Director, Regulatory Affairs
~~Join a Legacy of Innovation 110 Years and Counting!
Daiichi Sankyo Group is dedicated to the creation and supply of innovative pharmaceutical therapies to improve standards of care and address diversified, unmet medical needs of people globally by leveraging our world-class science and technology. With more than 100 years of scientific expertise and a presence in more than 20 countries, Daiichi Sankyo and its 15,000 employees around the world draw upon a rich legacy of innovation and a robust pipeline of promising new medicines to help people. In addition to a strong portfolio of medicines for cardiovascular diseases, under the Group’s 2025 Vision to become a “Global Pharma Innovator with Competitive Advantage in Oncology,” Daiichi Sankyo is primarily focused on providing novel therapies in oncology, as well as other research areas centered around rare diseases and immune disorders.
This role offers the opportunity to substantially contribute to the mission of Daiichi Sankyo Cancer Enterprise in leveraging our world-class, innovative science and push beyond traditional thinking to create meaningful treatments for patients with cancer.
This role will work on one of our cutting-edge Antibody-Drug Conjugate (ADC) assets by effectively liaising, negotiating and partnering with FDA, EMA, PMDA and other health authorities around the world. This role will create and implement effective regulatory strategies to deliver on efficient and robust development plans. The individual will direct, coordinate and implement the preparation of regulatory submissions and provide regulatory support across all global projects, securing the cooperation of others (team members); meet aggressive deadlines to ensure that regulatory agencies receive timely and quality submissions, shortening the review process and leading to successful approval of pharmaceutical applications for the company’s growth, thereby accomplishing corporate goals.
Serve as a Global Regulatory Lead:
• Liaise, negotiate and orchestrate regulatory interactions with health authorities around the world.
• Lead submission teams in the preparation and assembly of regulatory submissions (e.g. BLAs, INDs, CTAs, Annual Reports, Safety Updates, Quarterly Reports, etc.)
• Develop global regulatory strategies in conjunction with the global regulatory team. .
Provide regulatory leadership, support and guidance and manage day-to-day regulatory activities. Responsible for ensuring strategies are aligned to global product team goals and objectives.
• Collaborate with all disciplines within the Daiichi Sankyo organization to obtain and/or provide information/data for regulatory filings.
• Review and interpret regulatory guidelines.
• Review RA and related documents for approval.
Continuing Education: Keep current with regulations and guidance documents; attend meetings, seminars, conferences on relevant topics; read journals, newsletters, scientific papers; research the answers to RA questions.
Qualifications: Successful candidates will be able to meet the qualifications below with or without a reasonable accommodation.

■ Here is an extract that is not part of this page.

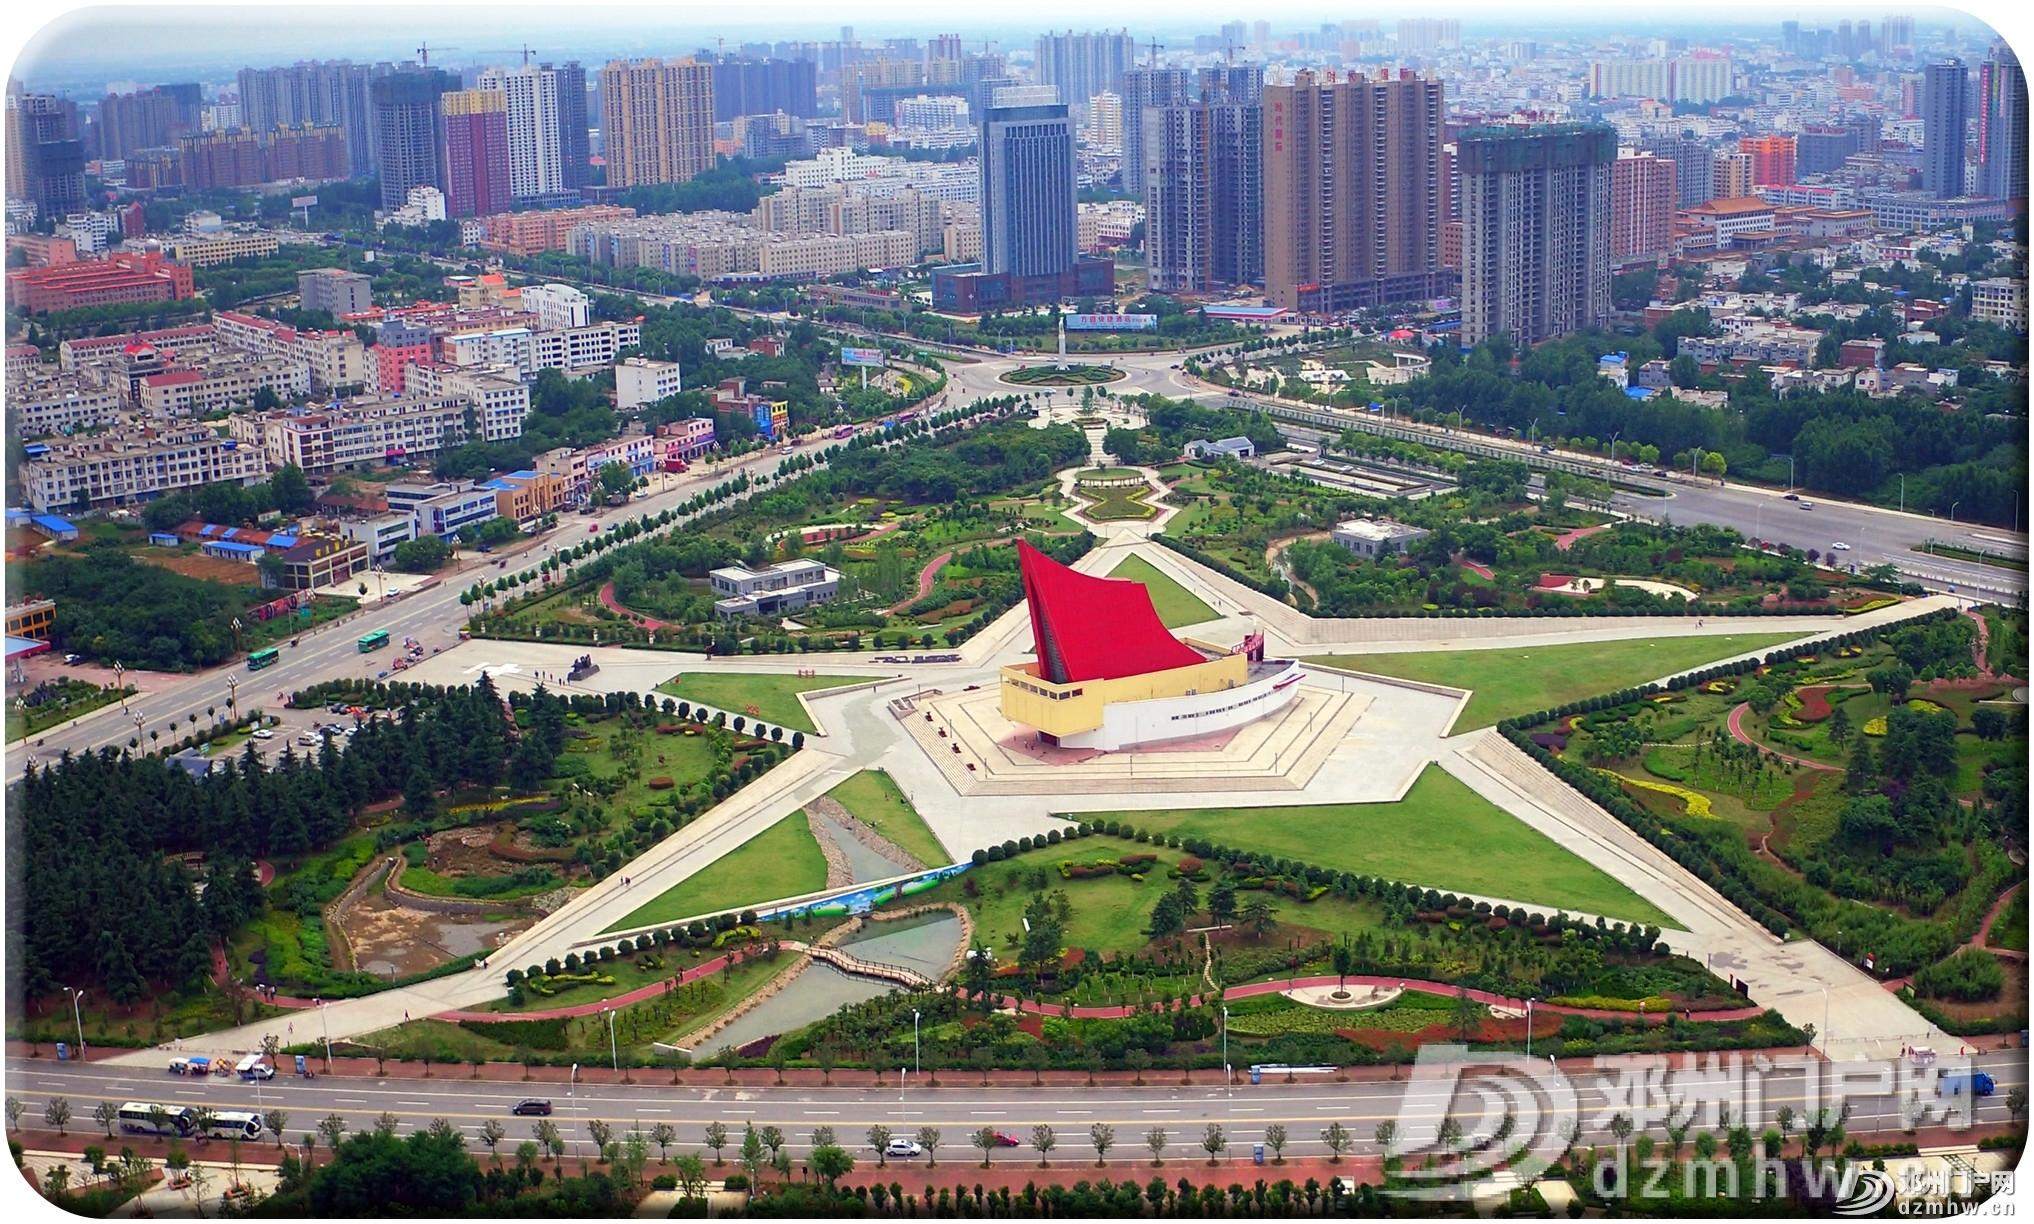 我叫邓州,这是我的最新简历,2020年,请多关照! - 邓州门户网|邓州网 - bbd99cbd3a12e8a6c88673b9b146d39d.jpg

BS degree in chemistry, biology or other related scientific discipline required. Masters, PhD or PharmD highly desired.
10+ years in the pharmaceutical industry. 5+ years in global regulatory affairs, NDA, sNDA, BLA filing to FDA considered a plus.
Daiichi Sankyo, Inc. is an equal opportunity/affirmative action employer. Qualified applicants will receive consideration for employment without regard to sex, gender identity, sexual orientation, race, color, religion, national origin, disability, protected veteran status, age, or any other characteristic protected by law.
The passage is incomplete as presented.